Jerrim.J and Micklewright.J (2009) focus on the socio-economic

characteristics of each parent and the different influences they exert on boys

and girls. Their data come from the Programme for International Student

Assessment (2003 PISA).

In 2003 PISA tested children’s ability in one major (maths) and two

‘minor’ (Reading and Science) domains. They focus in particular on the

results for maths, they tested the association between each parent’s

education and their child’s cognitive skills at age 15 using regression models

in which each parent’s years of education enters separately. It is not easy to

make broad generalizations from their results about the relative importance

of father’s and mother’s education for their children’s cognitive ability in

secondary school and how this varies for sons and daughters.

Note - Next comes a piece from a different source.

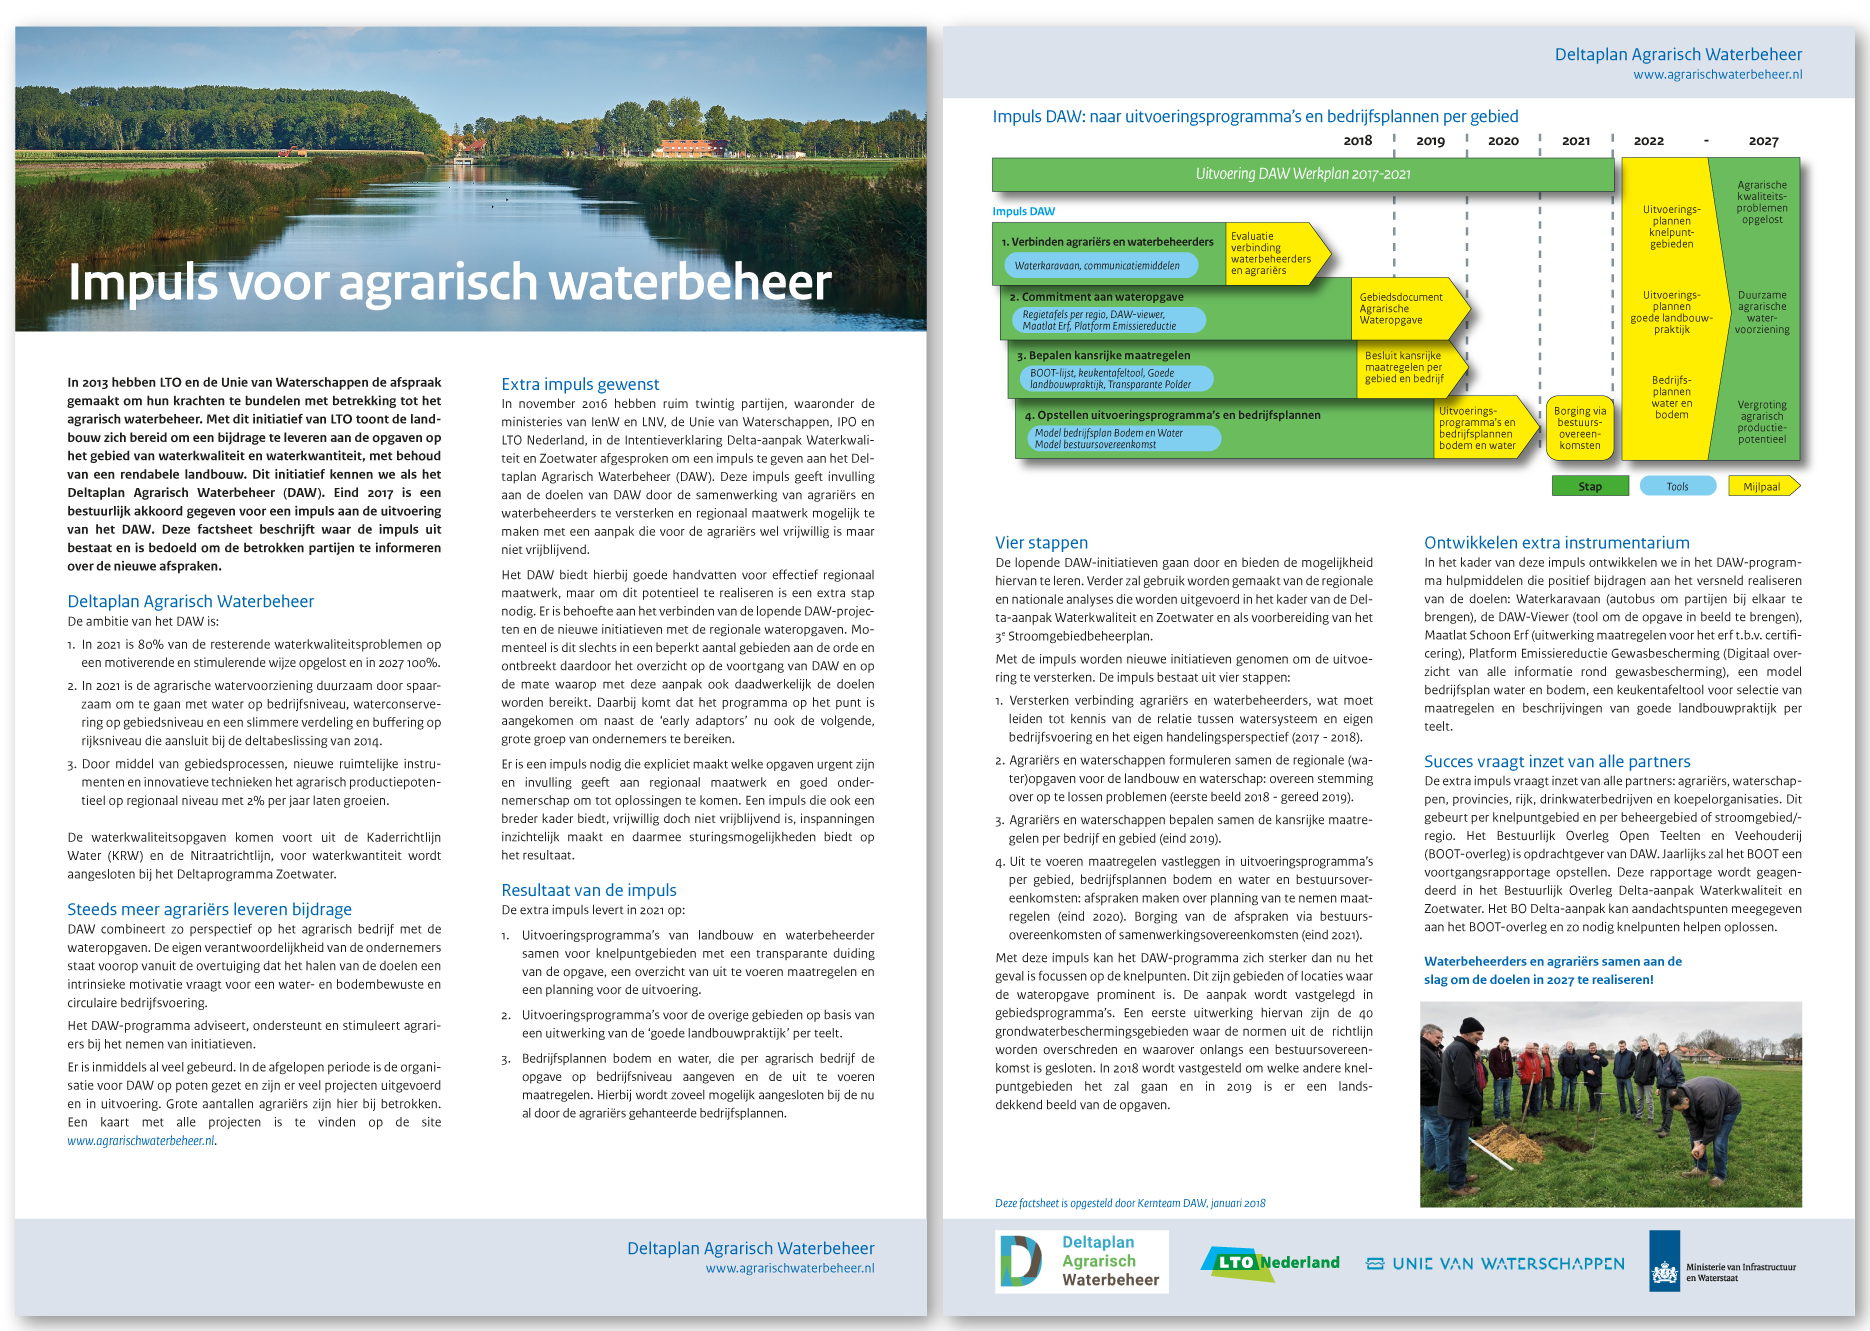 Impuls voor agrarisch waterbeheer (DAW)

They

attempted to present a summary of the general picture, focusing on the

results for ability in maths.

First, it is more common for father’s education to have a greater effect than

mother’s education (they use ‘effect’ without implying causality). Second,

this seems to be particularly true of sons, but there are plenty of countries

that are counter examples for both sons and daughters. Third, they found

10

more variation across countries in the differences in the effects of fathers

and mothers than in the differences either parent has on sons and daughters.

Fourth, there is some suggestion of a common pattern across countries that

mothers have more effect on their daughters than their sons, although the

differences are small. Fifth, they frequently found complementarities

between mothers’ and fathers ‘education that warrant further attention

1-7 Organization of the thesis This thesis consists of five chapters. The first one is an introductory

chapter, which presents the importance and the objectives of the study. In

chapter two, the principal of MINQUE approach is presented. In chapter

three, a review of related literature about the estimation of the interclass

correlation methods is presented. Chapter four contains the source of data,

study variables and obtaining the MINQUE estimator for the interclass

correlation. Finally, the conclusion will be presented in the last chapter.